Since it was conceivable that students could either make academic gains from this activity, or that it may instead impede their performance (e.g., by displacing time spent on other revision activities), independent sample t-tests (two-tailed) were performed for each cohort, to compare the exam MCQ, exam essay, and overall exam marks of those students who engaged voluntarily with PeerWise after the deadline with those who did not. No significant differences were found between the two groups in either 2012 or 2013 (average overall 2012 exam scores of 61.2 and 59.6 for 2013, difference between groups not significant), suggesting that voluntary answering of questions in the revision period did not have any measurable positive or negative impact on exam performance.
Additional Support Sessions Encouraged Peer Interaction, But Did Not Lead to Creation of Higher Quality Questions, Nor Improved Academic Performance
Data for 26 students attending optional PeerWise support sessions in 2013 (described in Table 1) was compared with data for 26 nonattending counterparts matched for equal prior learning (Fig. 4). We expected that attending the support sessions would encourage students to write better quality questions on PeerWise, and that they would engage more with the tool. Moreover, if these activities were critical for enhanced academic performance, we would also expect to see better overall marks on the course for attendees.
The attendees and their counterparts were spread across all four prior ability quartiles (data not shown). Surprisingly, paired sample t-tests (one-tailed) did not show those who attended the support sessions to write questions of higher quality than their academic counterparts, and nor did they perform better on the course (Figs. 4a and 4b). Attendees did contribute more to discussions in the commenting section of PeerWise, as evidenced by significantly greater character numbers within comments (Fig. 4c), and they also spent more time on PeerWise (measured by distinct days of activity—Fig. 4d), compared to their nonattending counterparts.
A Highly Competitive PeerWise Environment Can be Unpopular with Students
Student feedback on the use of PeerWise was encouraging in the first two years but less so in 2013. For iterations of the GGA course in 2012 and 2013, identical end-of-course feedback questions relating to PeerWise were posed. The responses (in percentages) are shown in Fig. 5. In 2012, 92% of respondents agreed that PeerWise had improved their understanding of the course “a lot” (irrespective of whether they enjoyed the experience). In 2013, the class was less positive in attitude towards PeerWise, with only 55% agreeing with the same question and 20% of respondents (34 students) answering that PeerWise had helped them “not at all”. Through free-response surveys of the “best and worst” aspects of the GGA course in both years, as well as discussions at staff-student liaison meetings, we were able to ascertain that negative attitudes towards Peerwise were almost always connected to the peer-dependent element of the scoring system or, specifically in the unusually active 2013 cohort (see Table 1), the highly competitive environment they encountered on the system. In 2013 several students felt that the effort they were expending, as a result of this competition, was not well aligned with the proportion of final marks available for PeerWise activity on the course.

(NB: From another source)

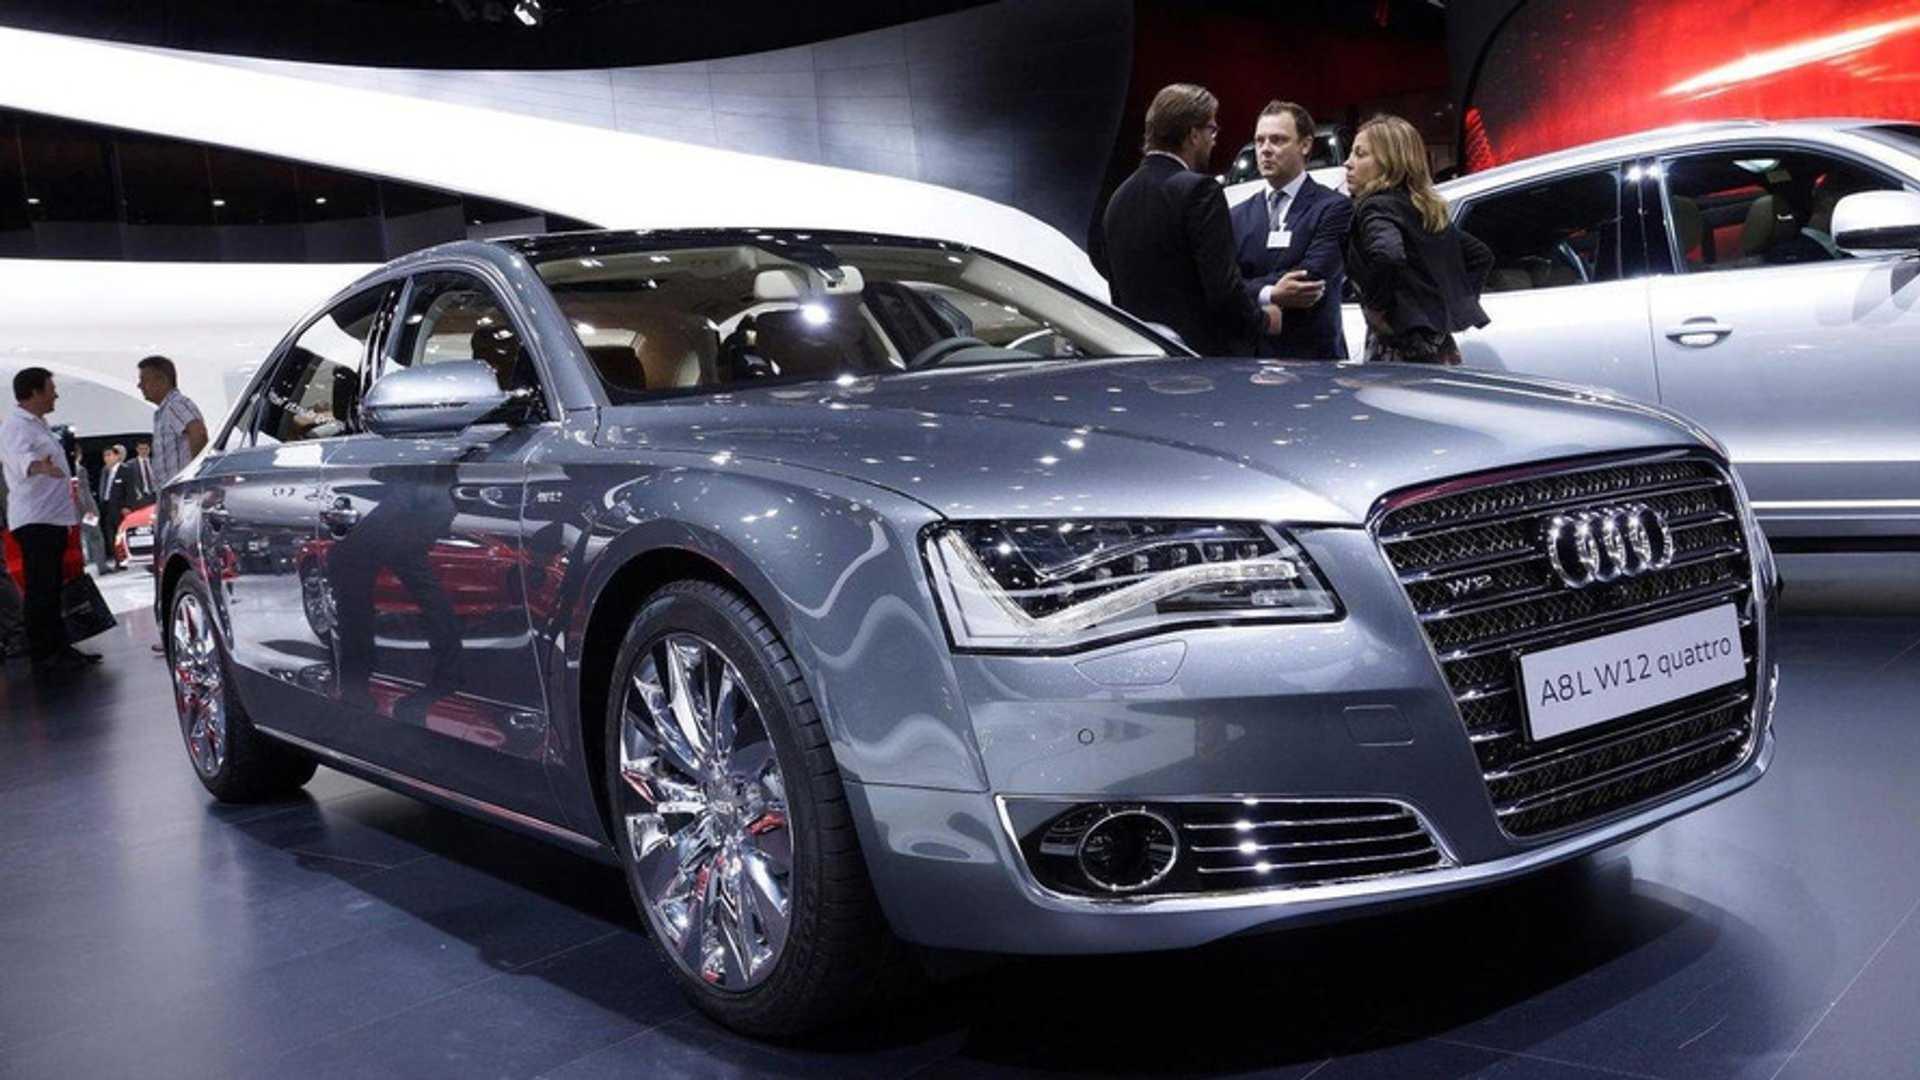 Kelebihan Audi A8L W12 Top Model Tahun Ini

This study has uncovered positive, statistically significant, associations between engagement with PeerWise and academic performance on a second year Genetics course, which were repeated over three successive course deliveries. As expected, the r values of partial correlations presented here are small, since many factors contribute to academic performance and PeerWise is a relatively minor intervention. Indeed, another assessed formative learning exercise, the course data handling component, was also shown to have a statistically significant positive effect on overall course performance (Table 4). Our results reinforce the findings of other studies that have reported positive associations between PeerWise engagement and course grades across several STEM subject areas [1, 6-8]. Moreover, our data show that engagement with PeerWise did not only boost students' ability to correctly answer MCQs in the final course exam, but that it was also strongly associated with performance across other diverse aspects of the course. This agrees with the findings of Denny et al.  who also noted a correlation between PeerWise activity and written exam work but whose correlation analyses did not correct for prior ability. Our findings demonstrate PeerWise engagement is robustly associated with benefits in coursework, exam essay and exam problem questions and suggests that effective PeerWise use encourages deep engagement with the subject matter, and promotes integration and application of what has been learned, allowing transference of learning across diverse tasks.
High ability and low/intermediate ability students on the GGA course (Quartiles 4 and 2, respectively, Fig. 1) appeared consistently to have gained the most benefit from PeerWise, as evidenced by comparing the performance of HPA and LPA students within ability quartiles. This pattern confirms the findings of a previous study using one cohort's data from this course , and the variable penetrance of PeerWise, particularly for mid-ability students, is also consistent with results from a variety of datasets [1, 7, 8]. It is perhaps unsurprising that high ability students benefit greatly from an extra activity such as PeerWise, given that those students are expected to engage well with all aspects of their course and have a firm knowledge base on which to build. Benefits demonstrated for low/intermediate ability students (Quartile 2) illustrate that PeerWise also assists less able students. It has previously been suggested that, for low/intermediate ability students, PeerWise could offer an activity that is challenging enough to be useful, but not so challenging as to be beyond their grasp . Perhaps the lowest ability group could not engage effectively due to a weak knowledge base or habitual nonengagement. Indeed, “high” PeerWise engagement levels in the lowest ability quartile are considerably lower than those of other quartiles within each of the three year groups (Fig. 1). It remains unclear why the high/intermediate group (Quartile 3) should derive lower benefits from PeerWise engagement compared with other groups, but one explanation could be that this group might take a “strategic” learning approach, putting in the minimum effort required to gain marks. Given the accumulating evidence on depressed PeerWise benefits for mid-ability groups [1, 7, 8], useful further investigation might look in more detail at the nature of the engagement with PeerWise of different ability groups.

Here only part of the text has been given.